> [Instructions to follow]
In this exercise, print only the lines of the records below from the one with "Синее платье с" through the one with "Brama weselna przed domem Panny Młodej", inclusive. Pictures are not part of the copy.

> [Records supplied]
——————

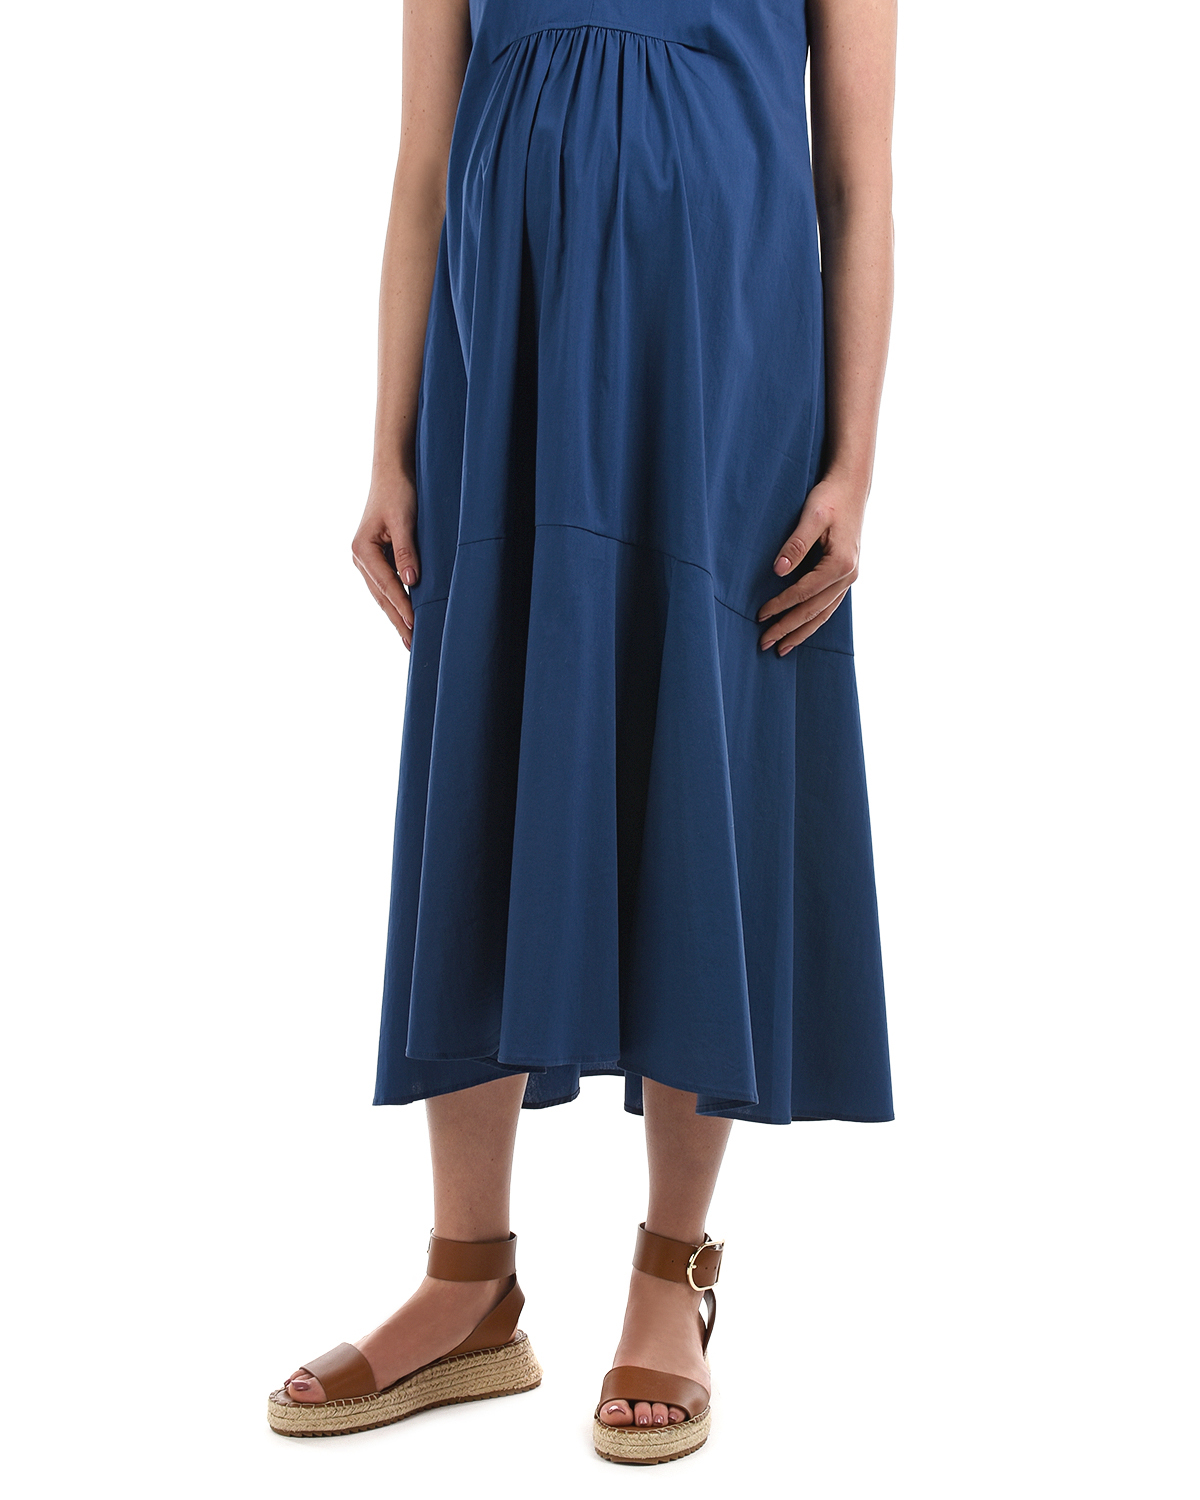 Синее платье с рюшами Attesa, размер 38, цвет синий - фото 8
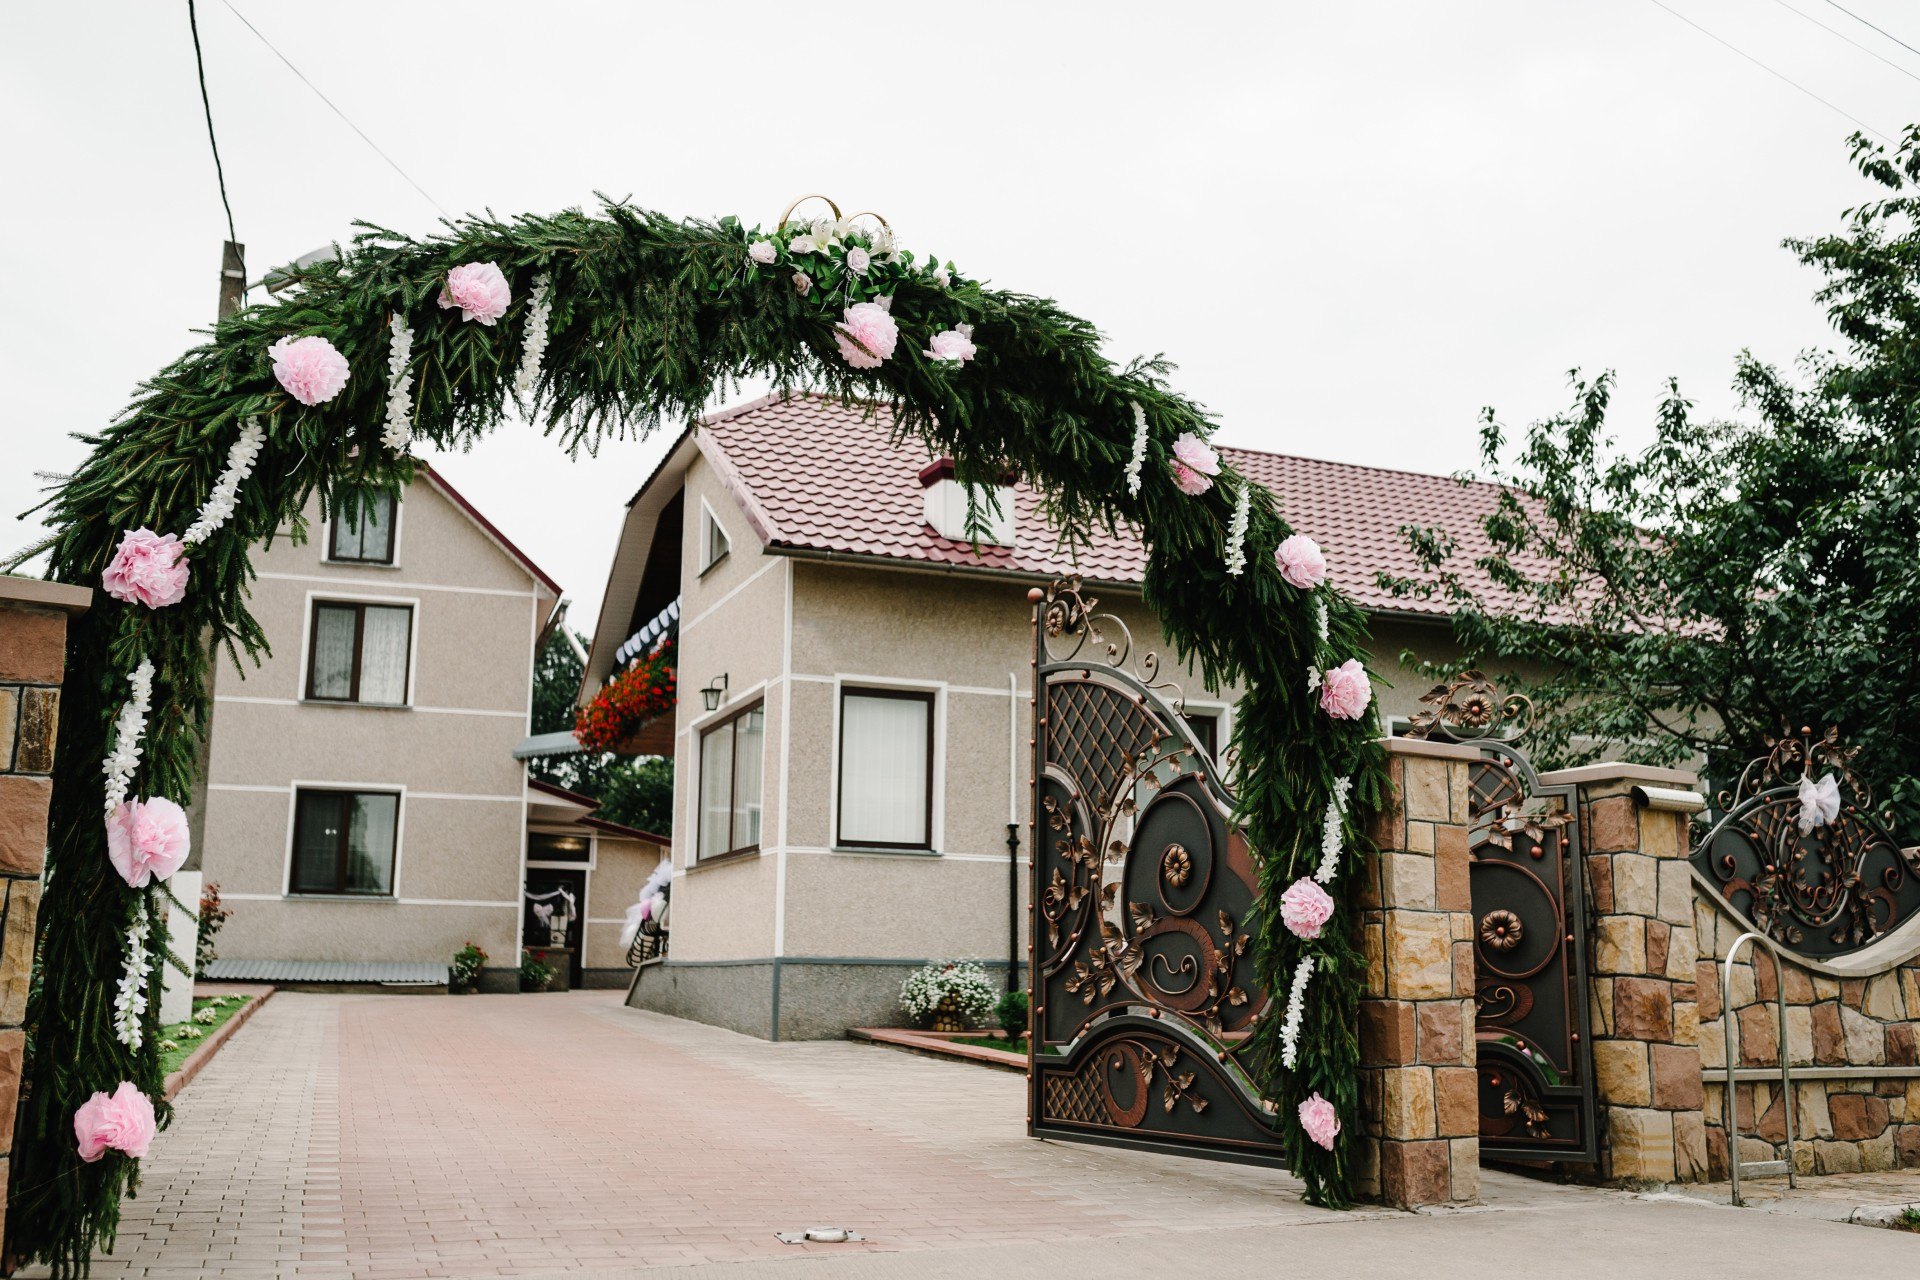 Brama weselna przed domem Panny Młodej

——————

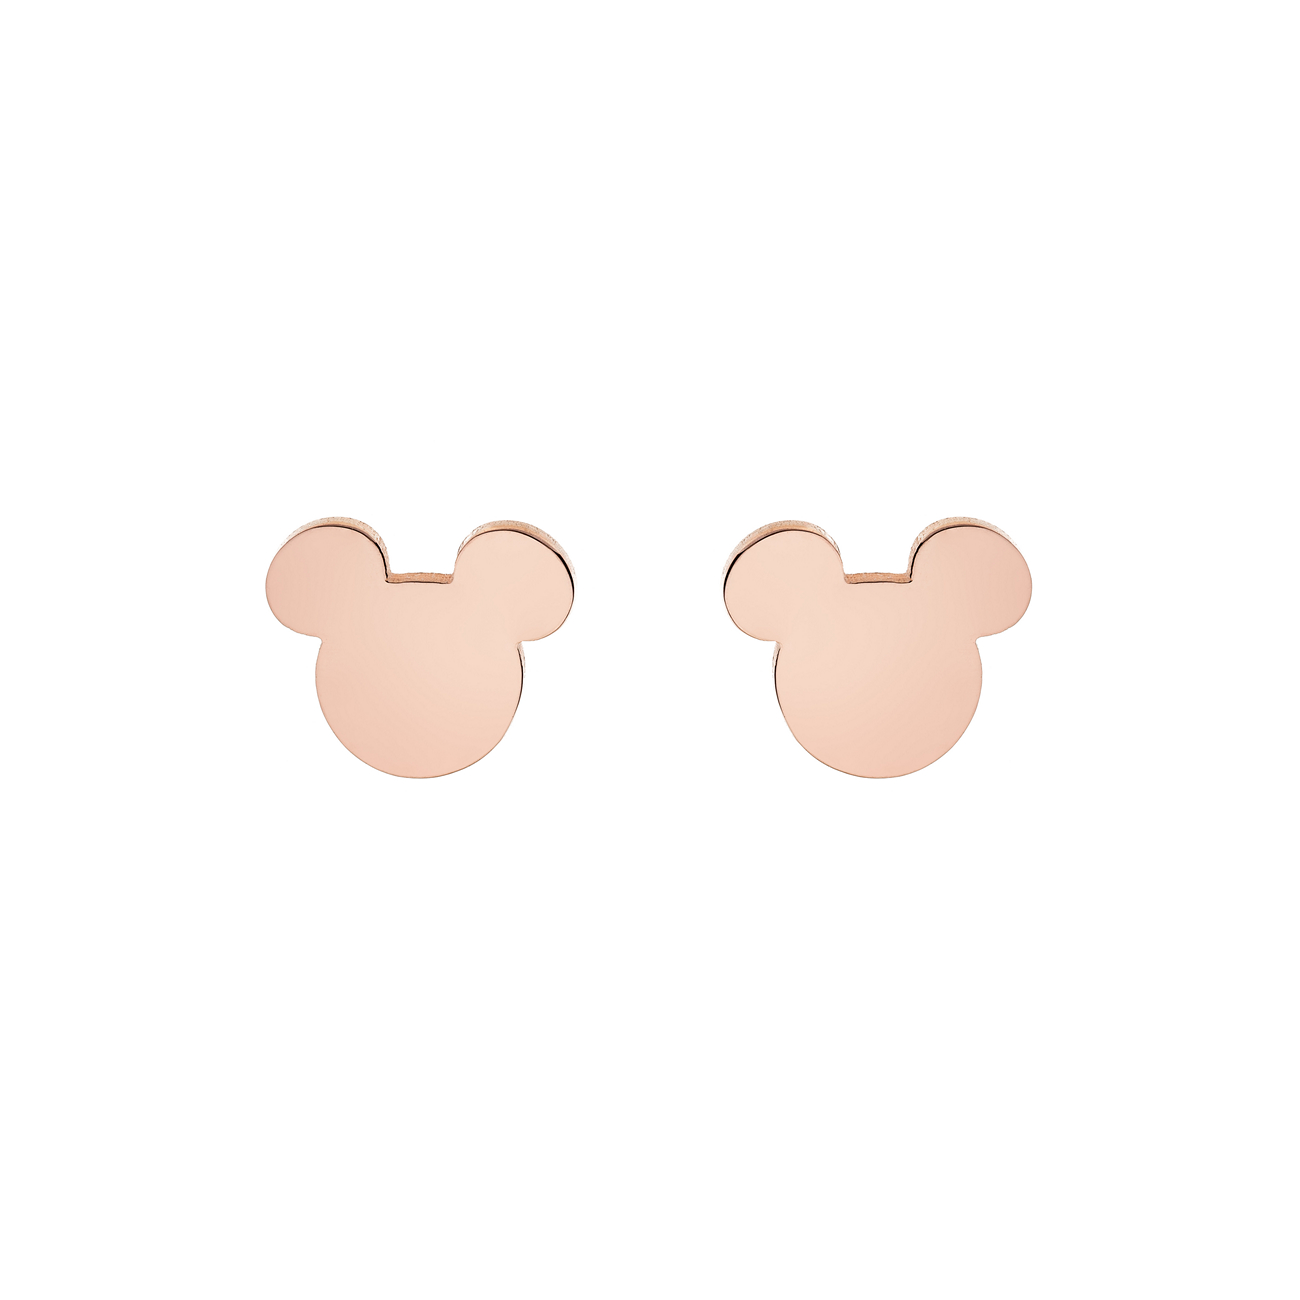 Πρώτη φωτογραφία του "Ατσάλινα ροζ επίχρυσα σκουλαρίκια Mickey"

——————

> [Task solution]
 Синее платье с рюшами Attesa, размер 38, цвет синий - фото 8
 Brama weselna przed domem Panny Młodej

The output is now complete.